▶ _DIRECTIONS FOR THIS TASK_
Below is a listing with pictures in it; transcribe exactly the lines from the one that has "Starpath Holdings Ltd. banner" through the one that has "Sniper Ghost Warrior", and omit those pictures.

=== MATERIAL FOR THIS TASK ===

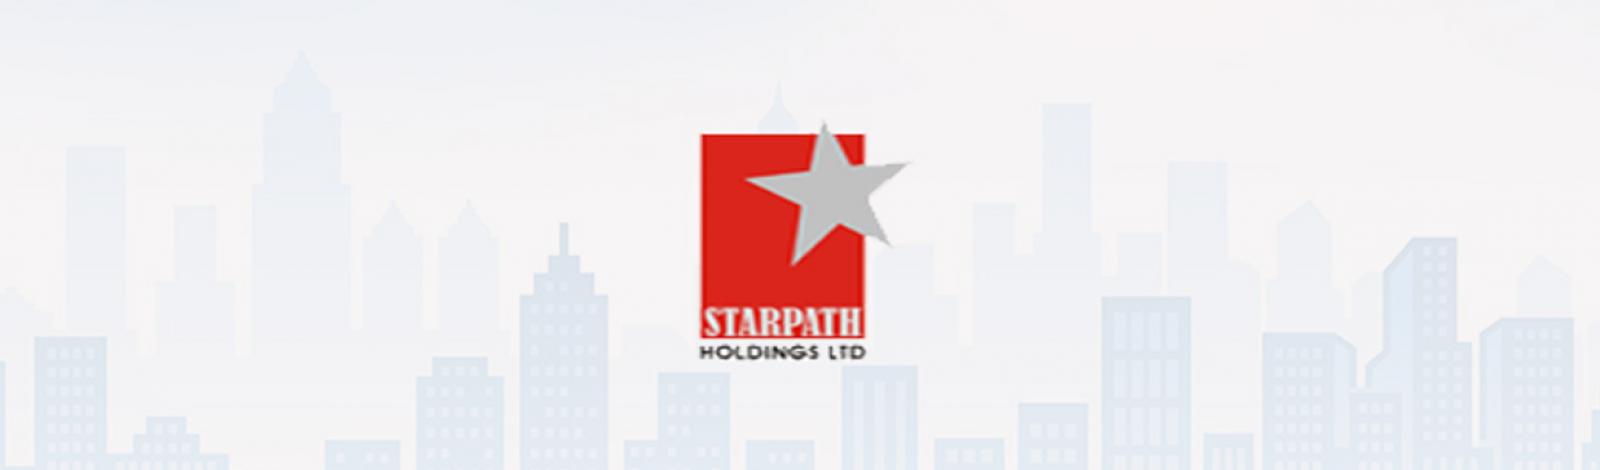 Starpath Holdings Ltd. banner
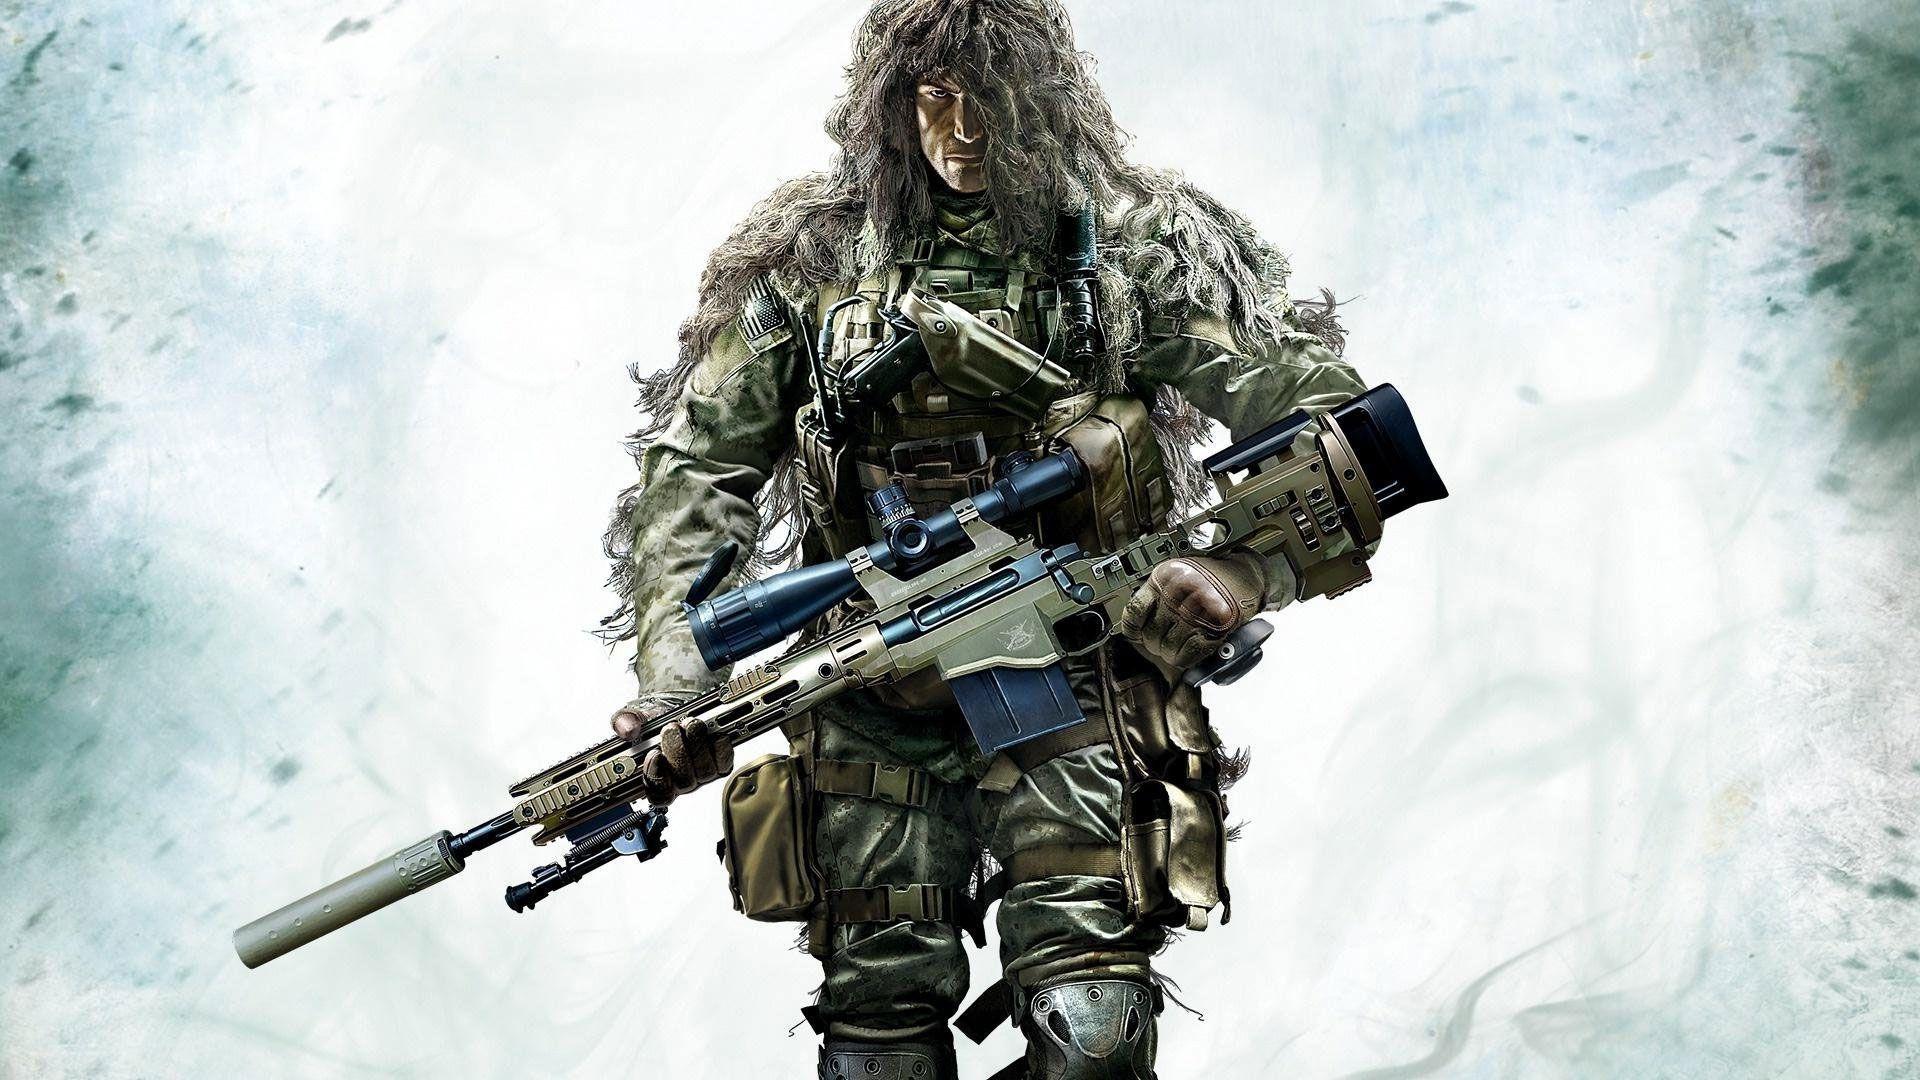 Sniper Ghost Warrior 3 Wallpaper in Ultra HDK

===
=== MATERIAL FOR THIS TASK ===

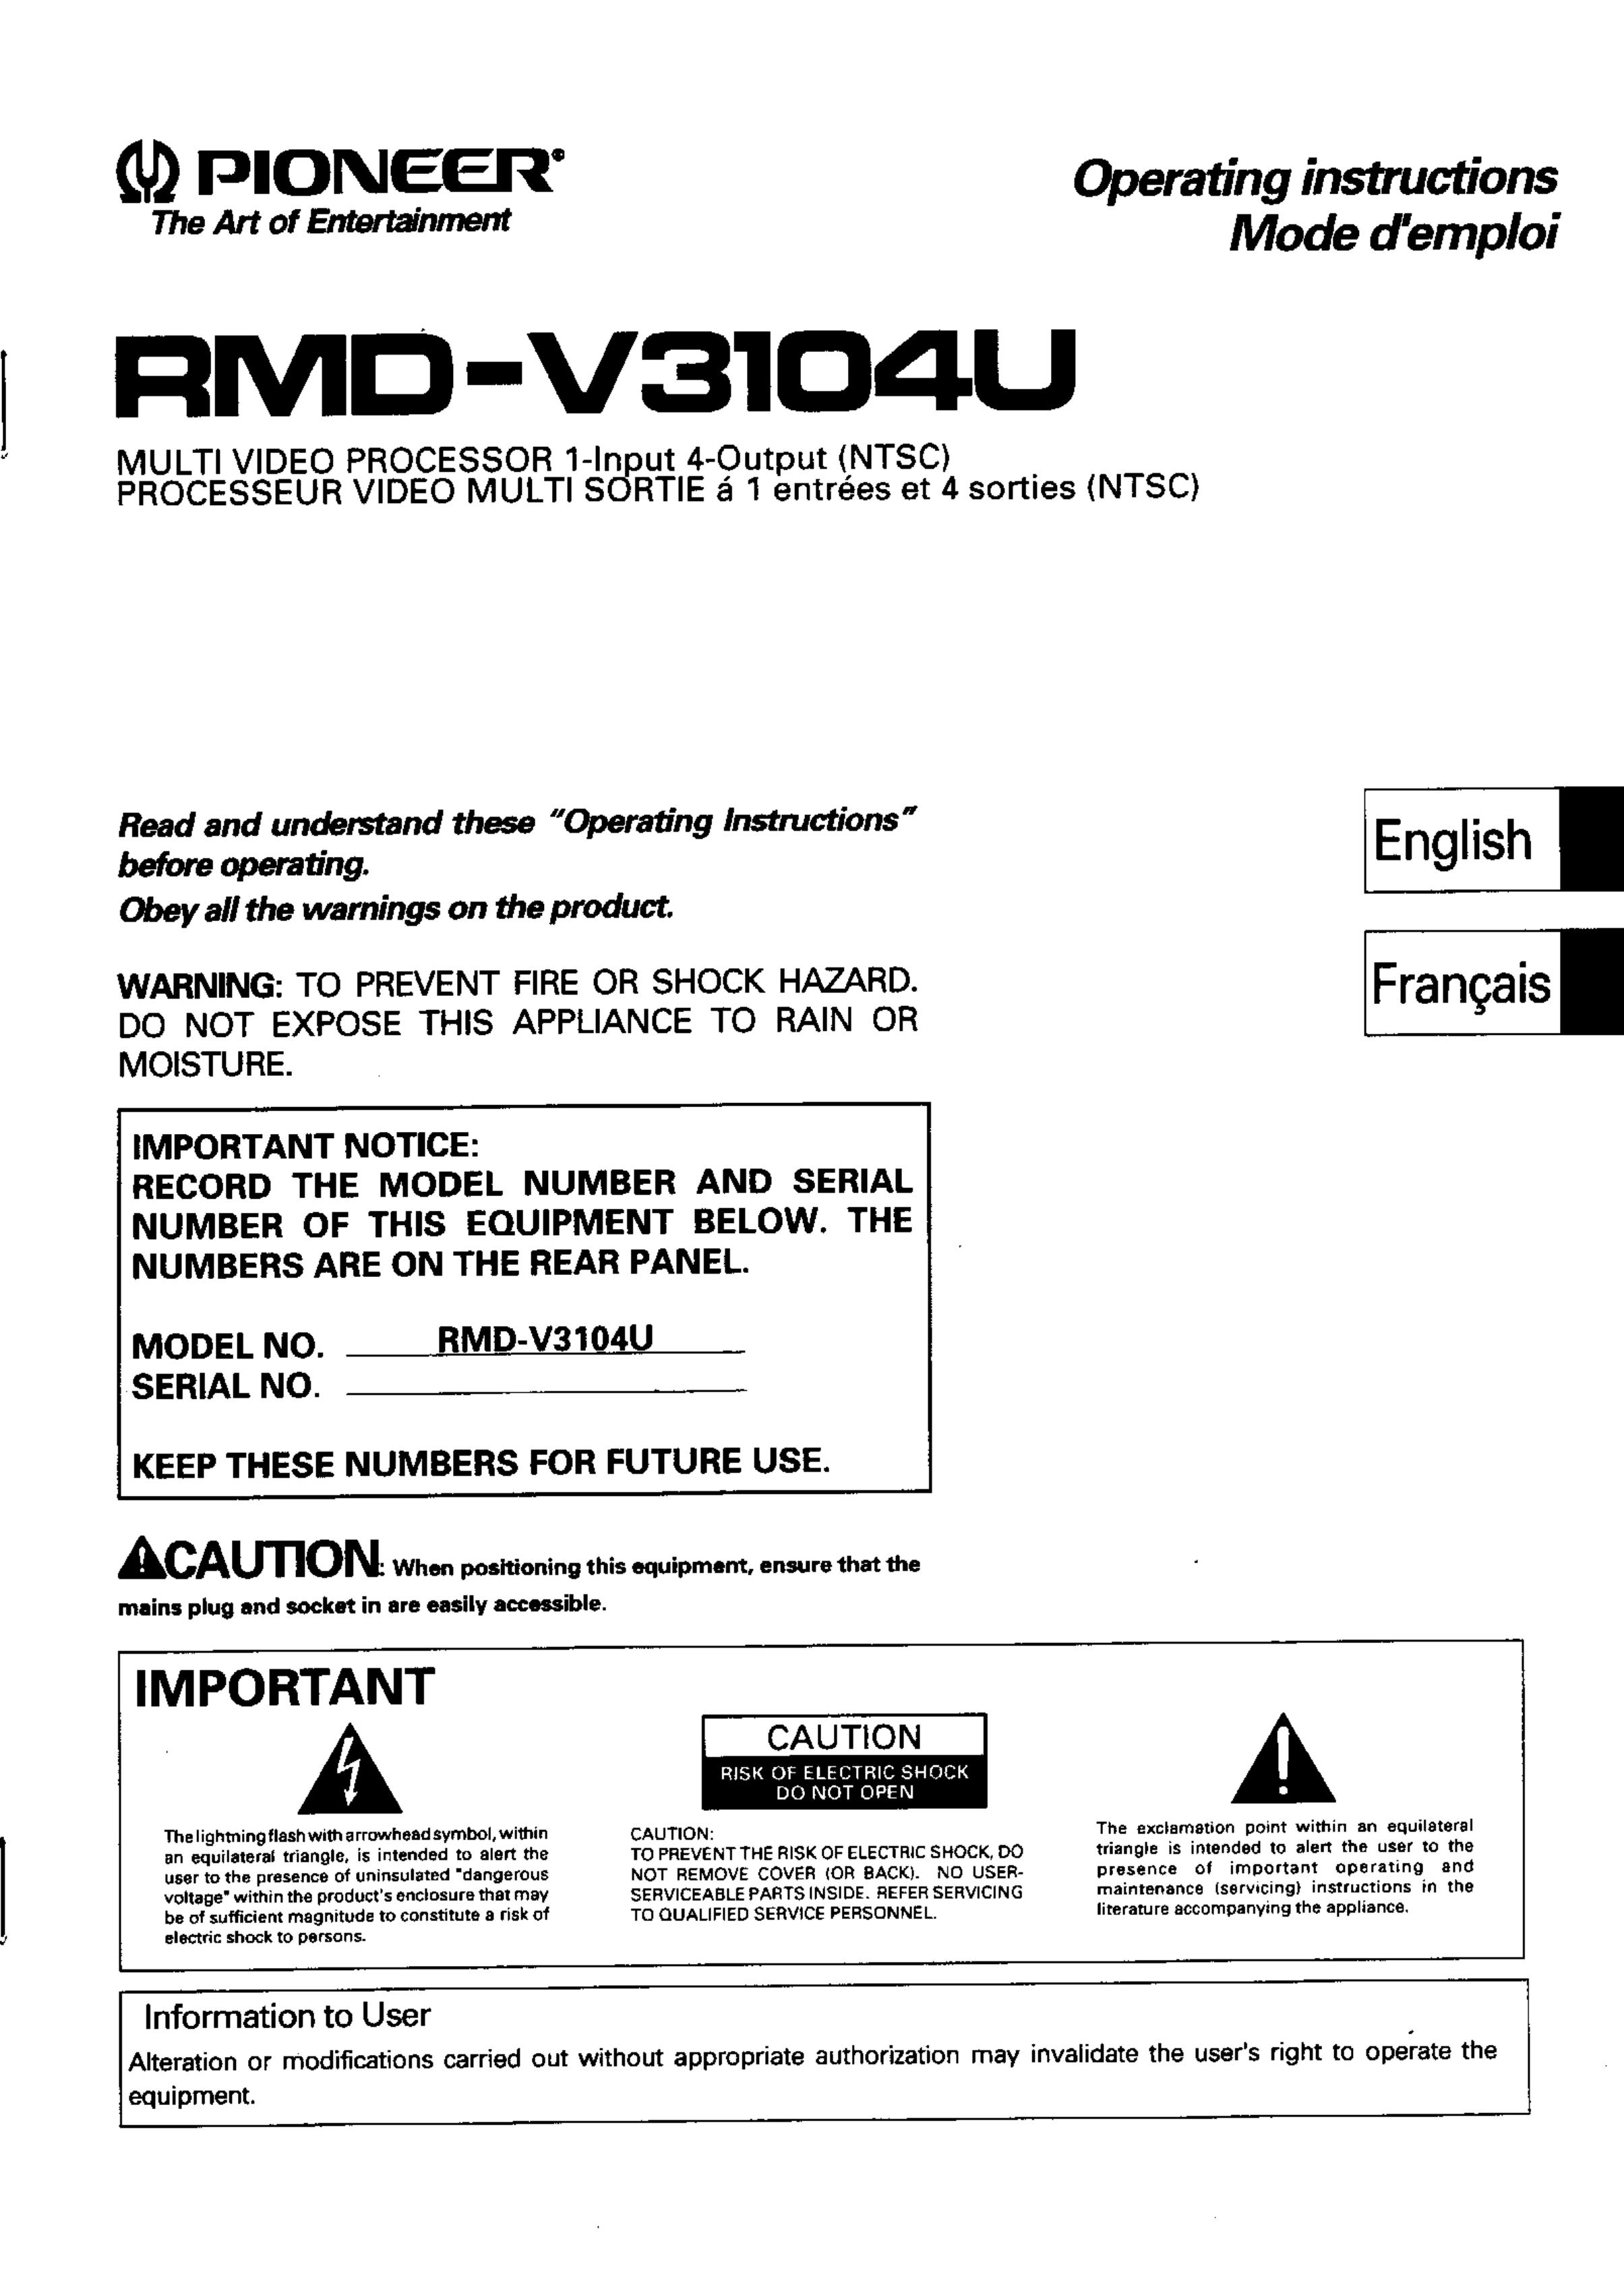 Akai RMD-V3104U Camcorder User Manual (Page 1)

===
=== MATERIAL FOR THIS TASK ===

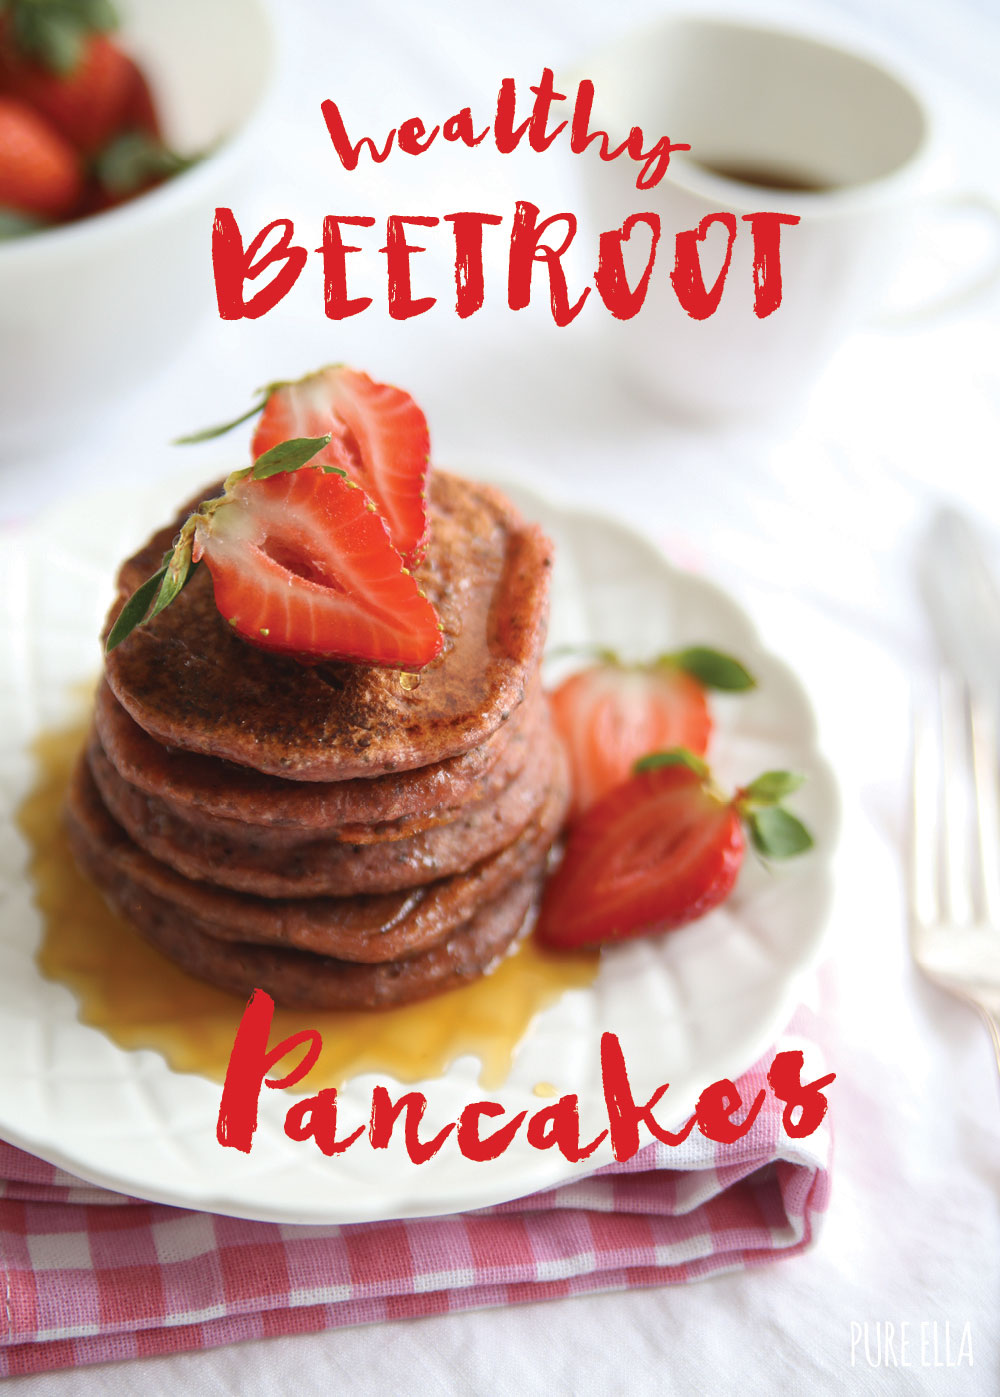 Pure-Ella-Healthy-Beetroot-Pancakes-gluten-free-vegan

===

▶ _OUTPUT OF THE EXERCISE_
 Starpath Holdings Ltd. banner
 Sniper Ghost Warrior 3 Wallpaper in Ultra HDK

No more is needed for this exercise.